Your assignment –
Copy the data that appears below exactly. Drop the pictures.

Recorded information –

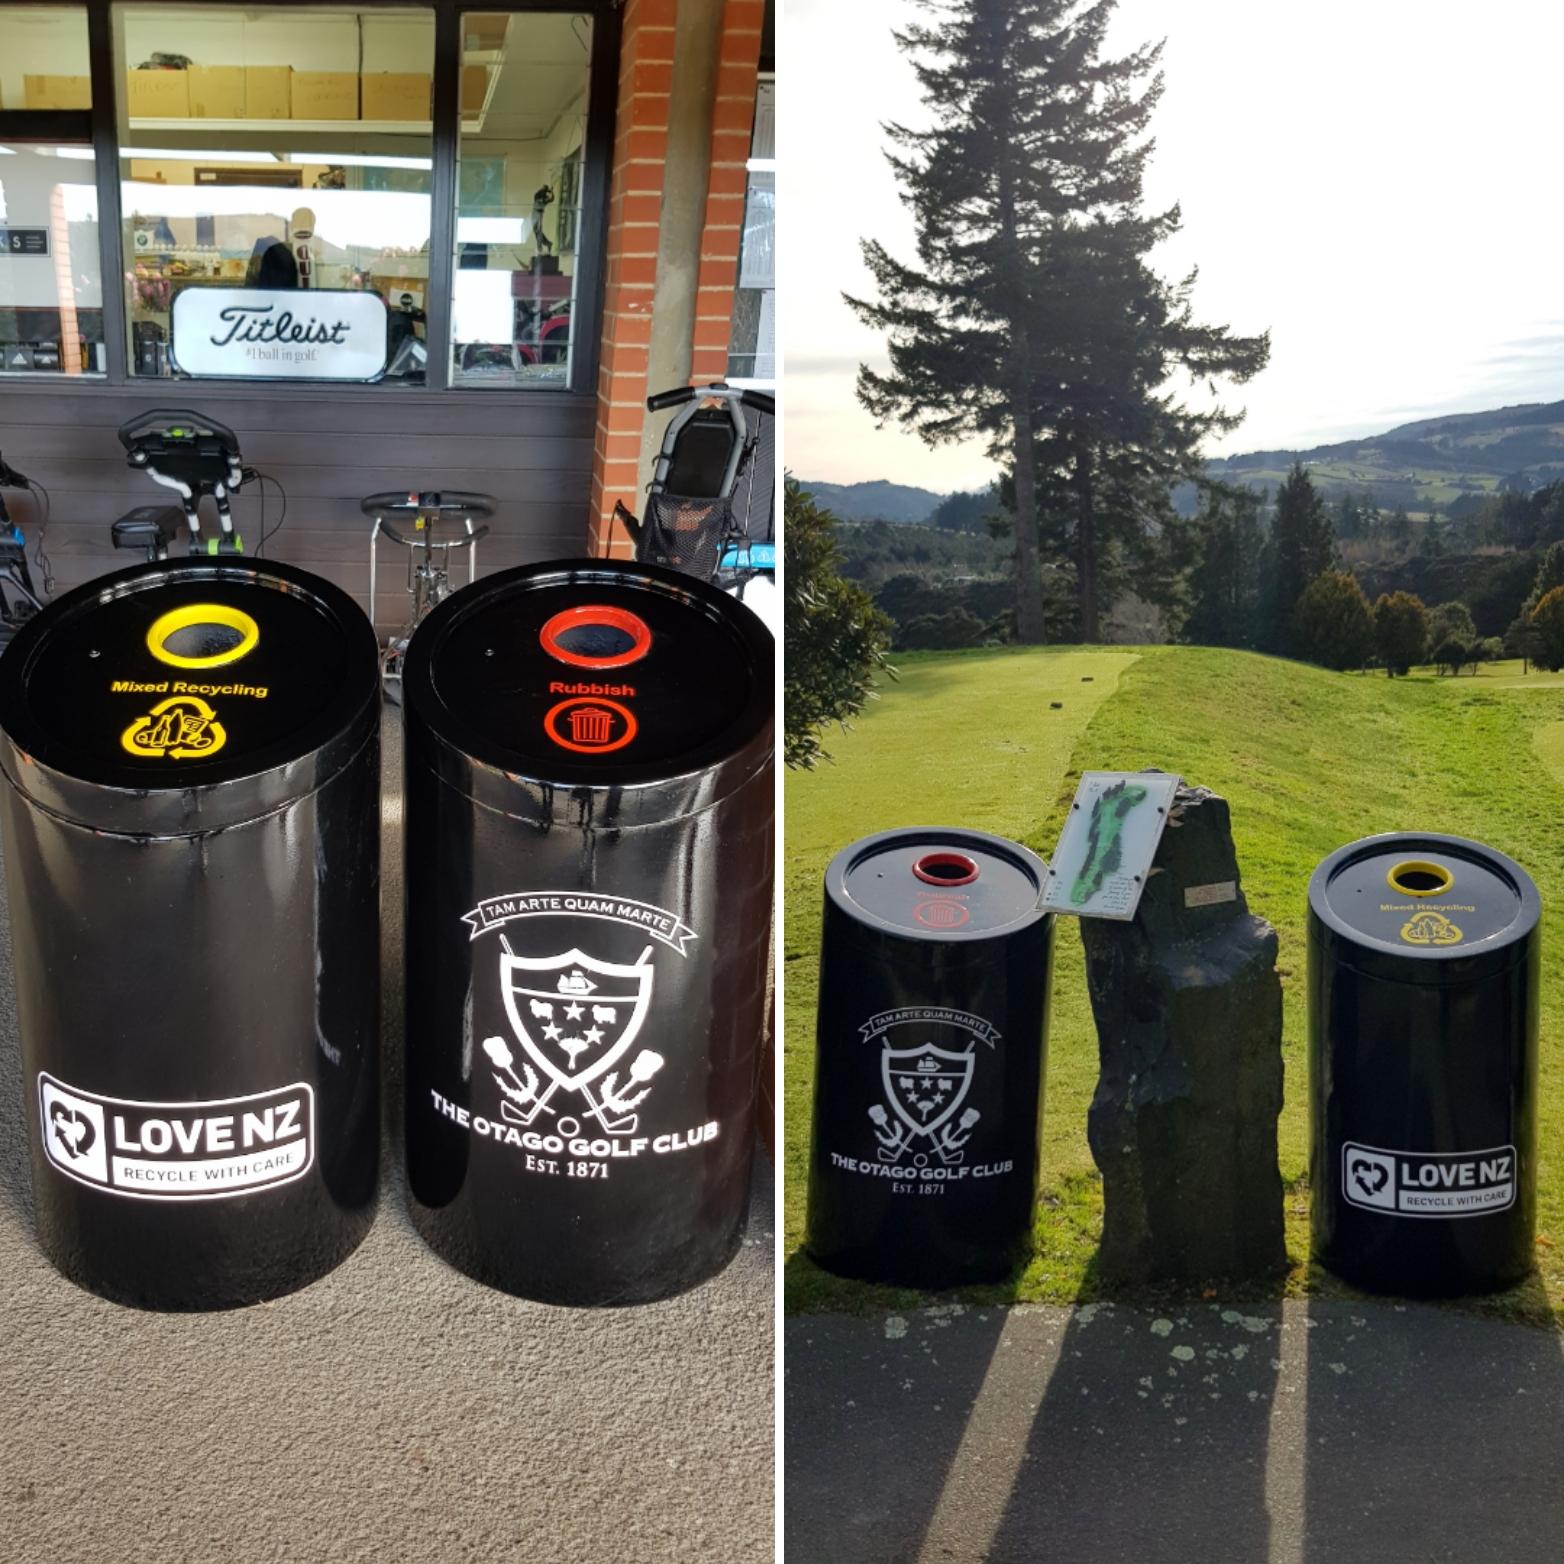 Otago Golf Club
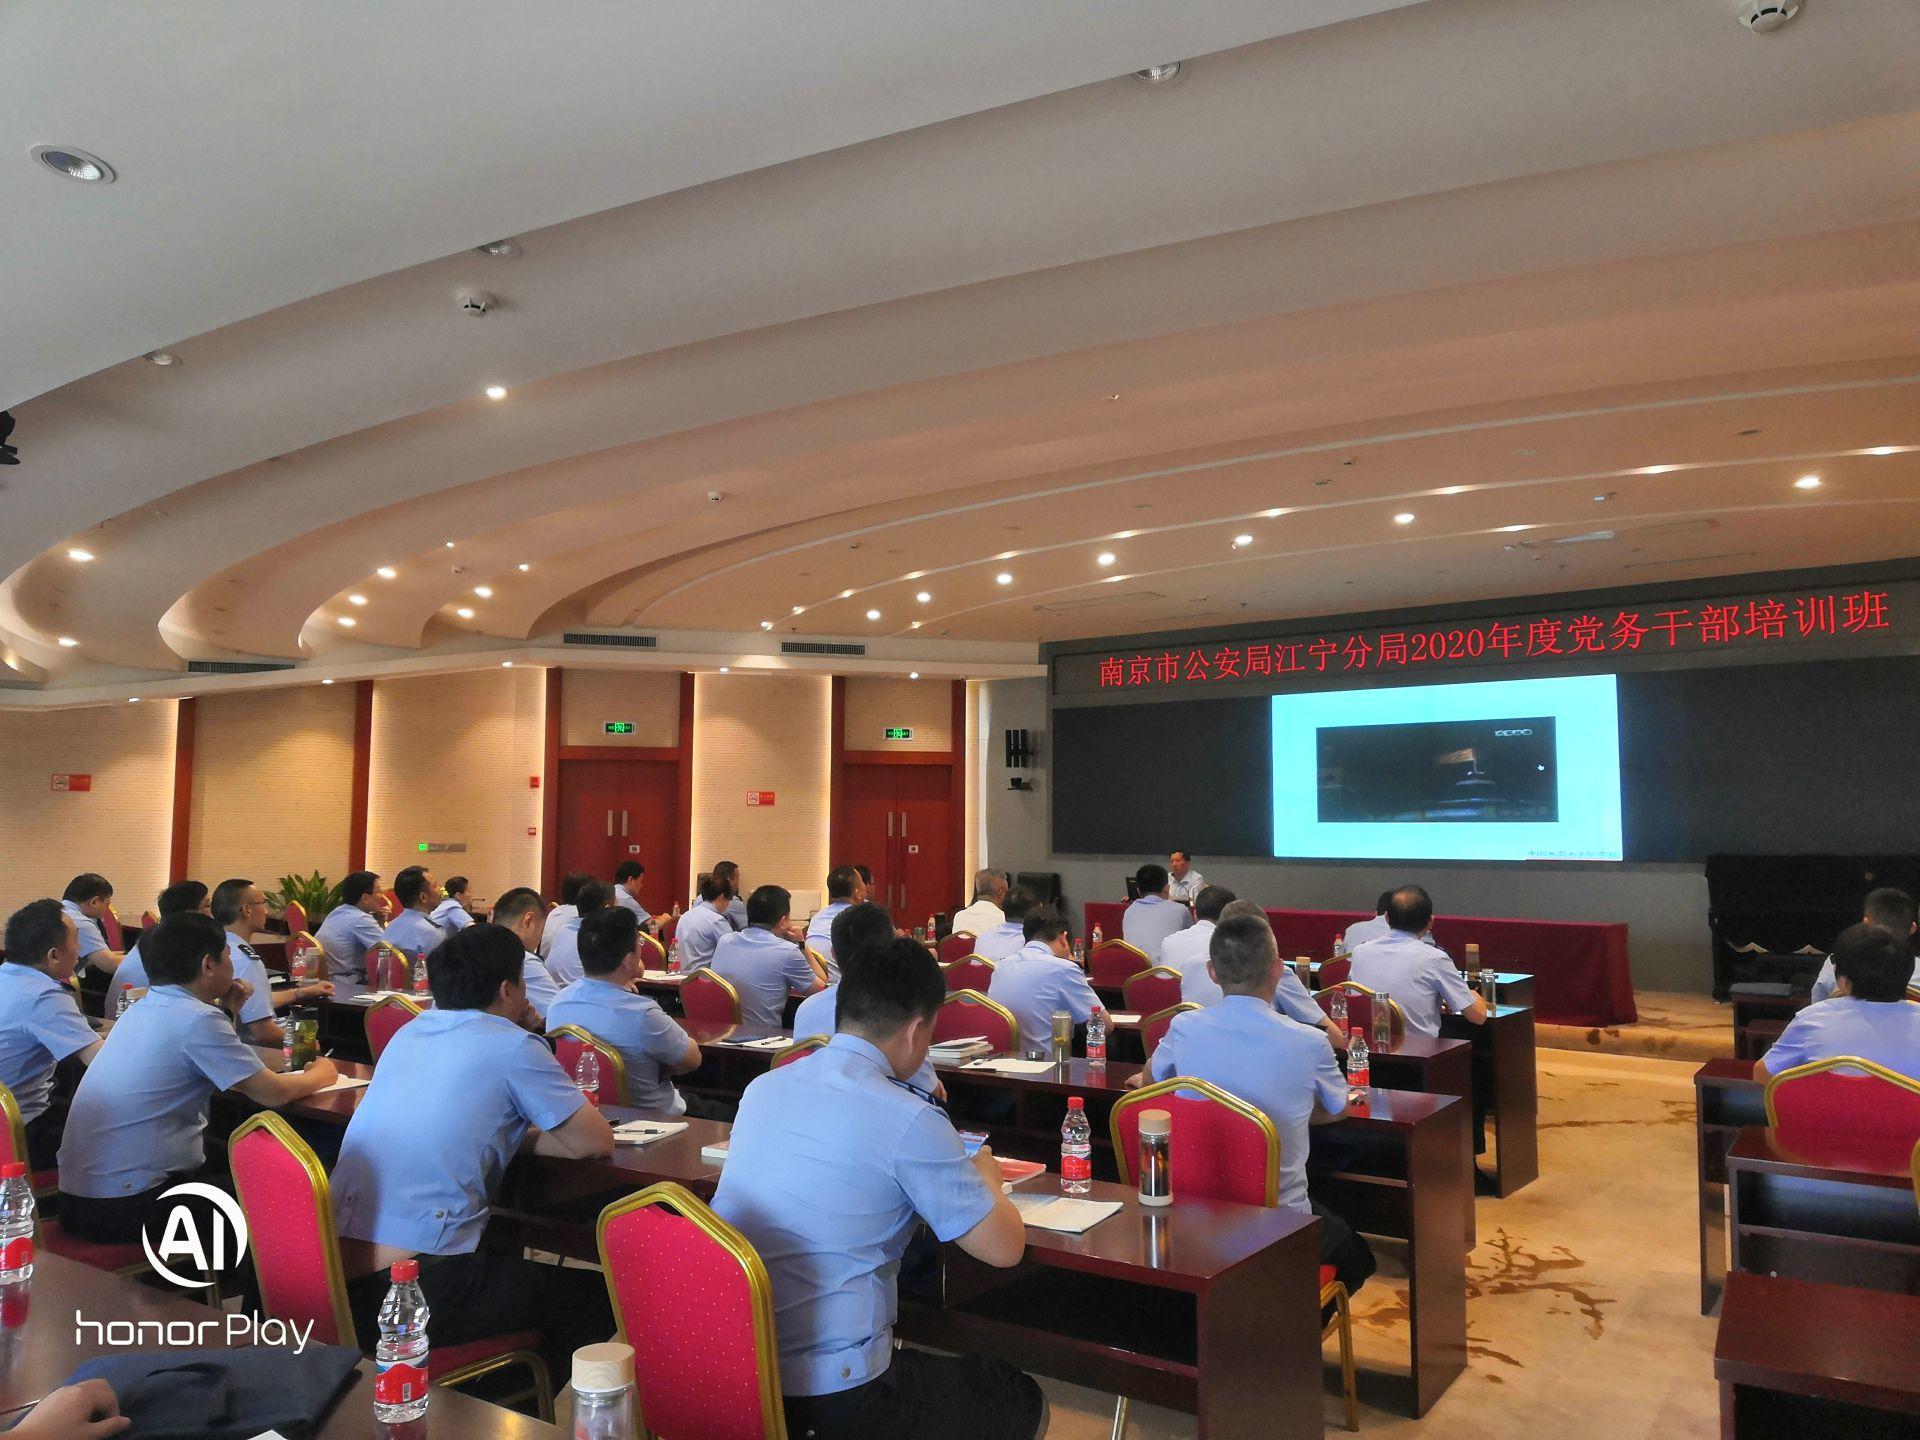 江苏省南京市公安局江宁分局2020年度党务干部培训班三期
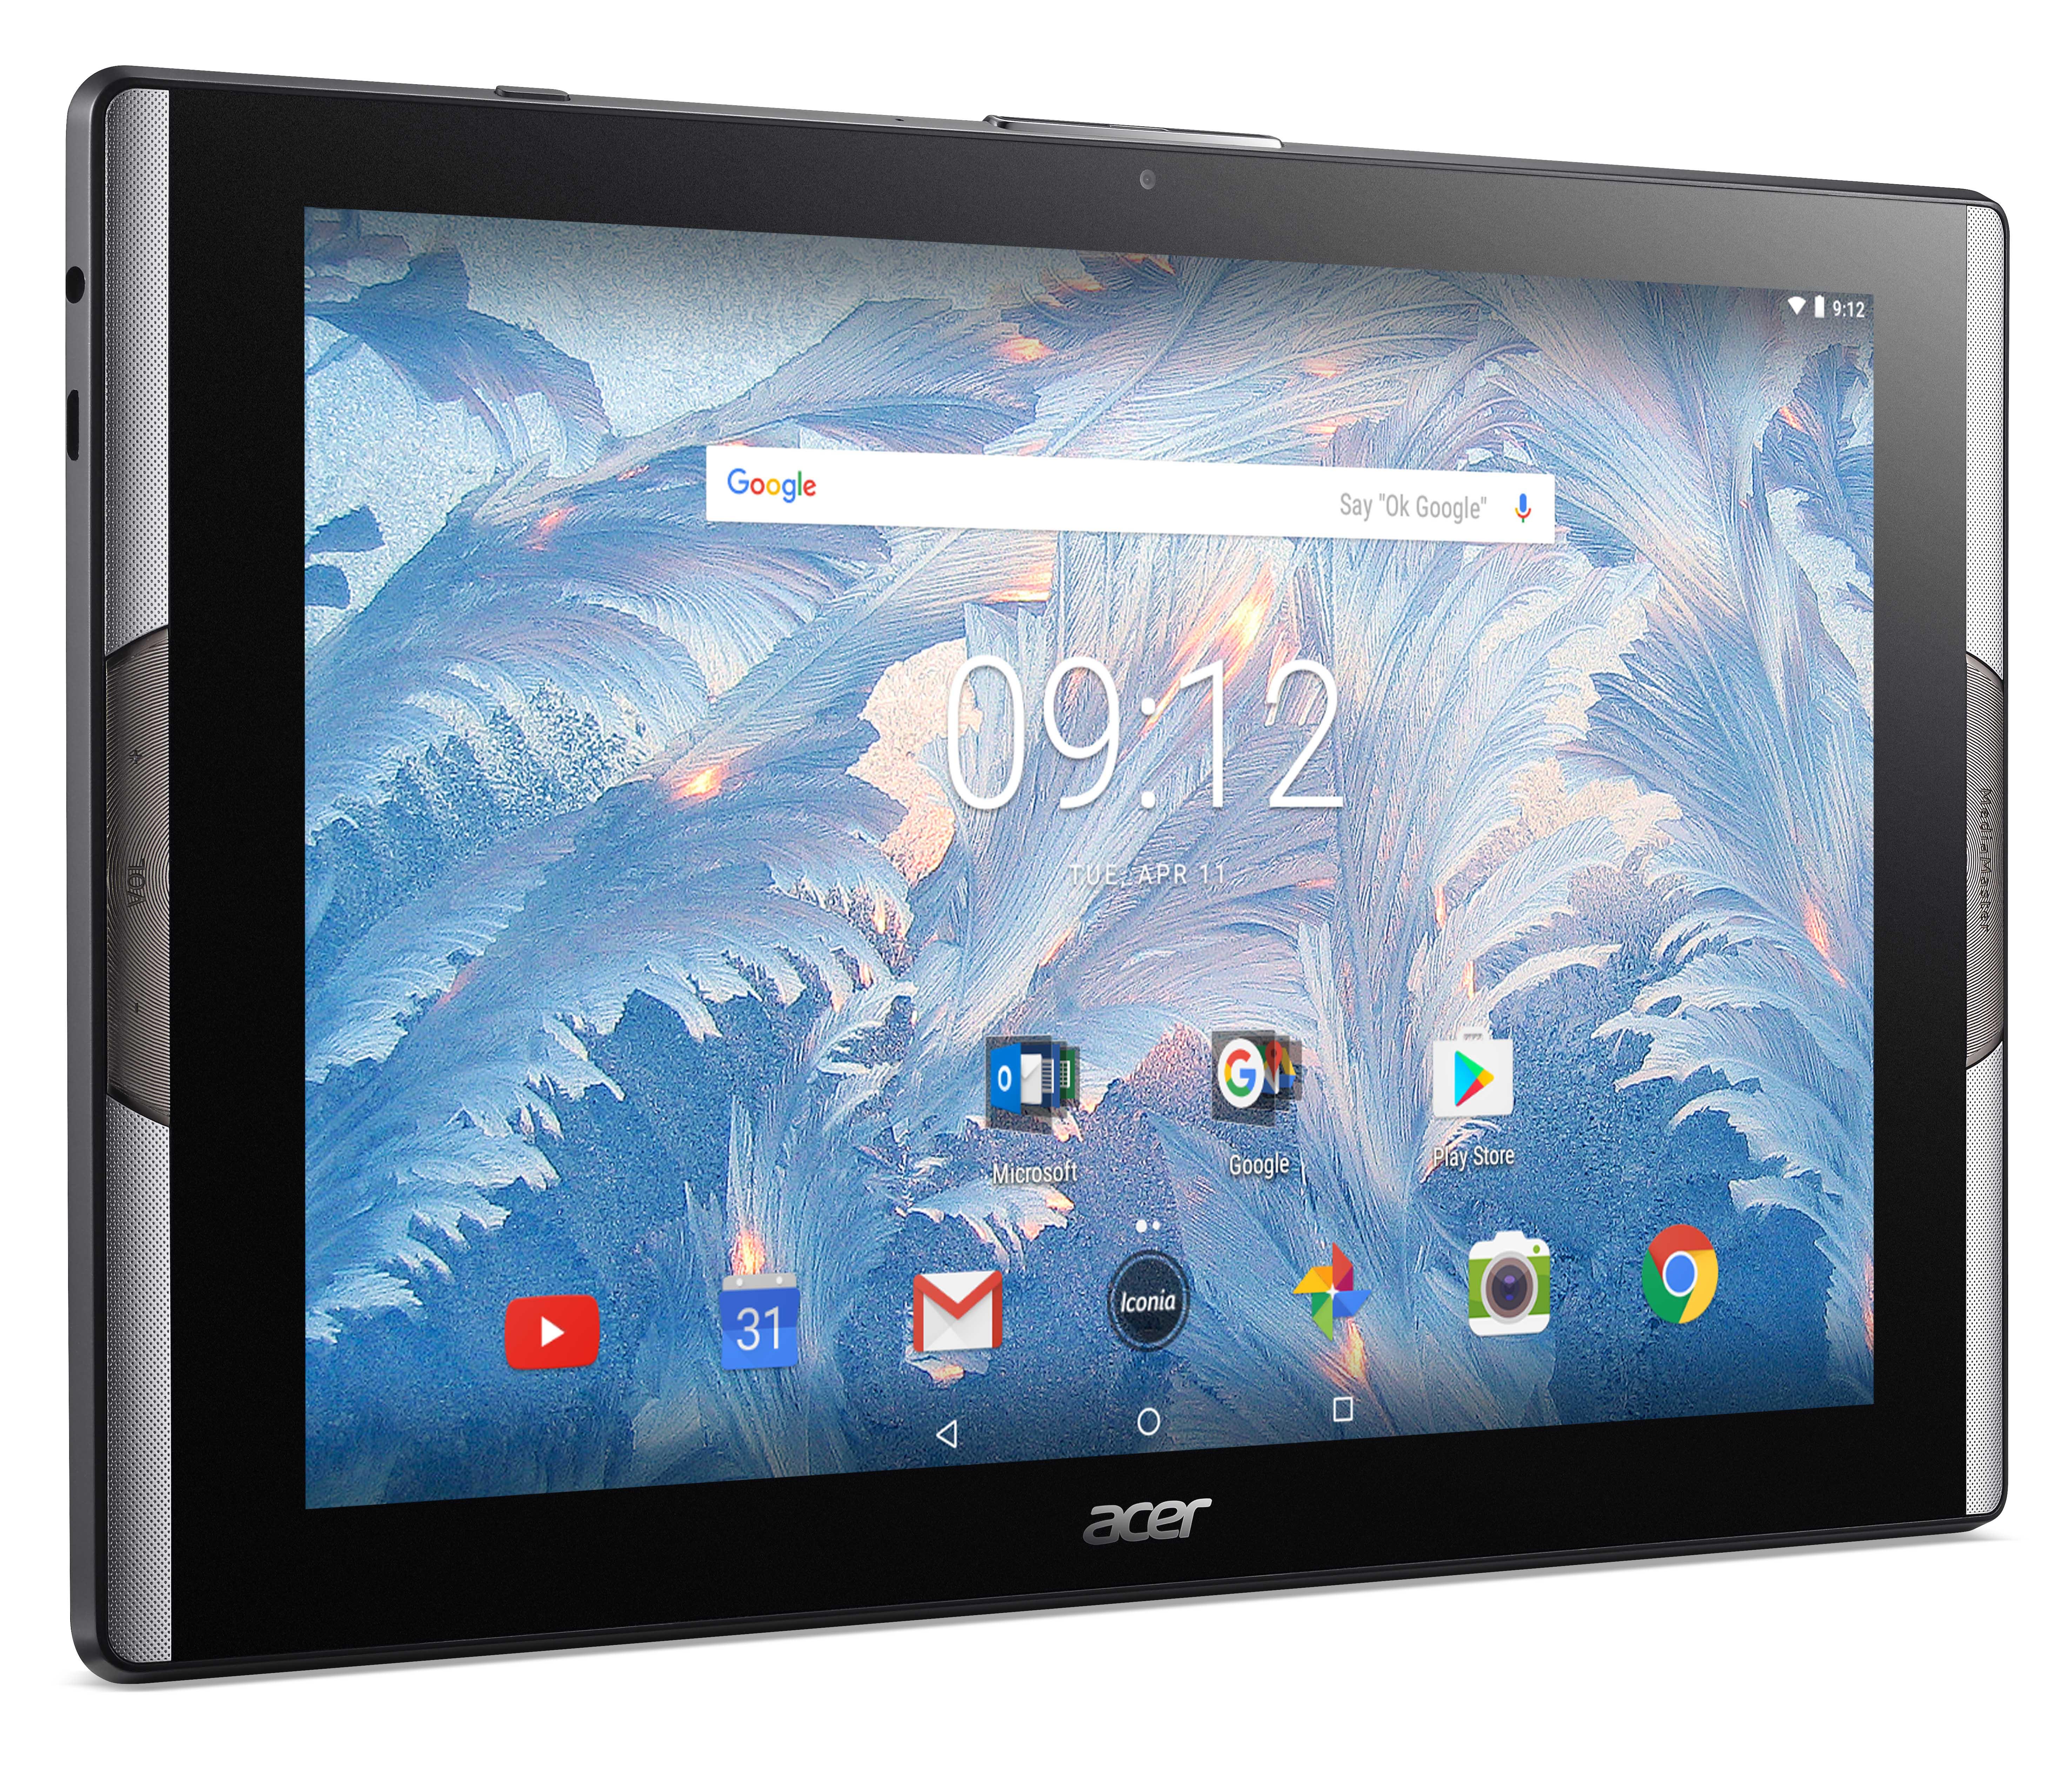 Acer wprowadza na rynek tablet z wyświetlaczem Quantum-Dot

Answer for the task –
 Otago Golf Club
 江苏省南京市公安局江宁分局2020年度党务干部培训班三期
 Acer wprowadza na rynek tablet z wyświetlaczem Quantum-Dot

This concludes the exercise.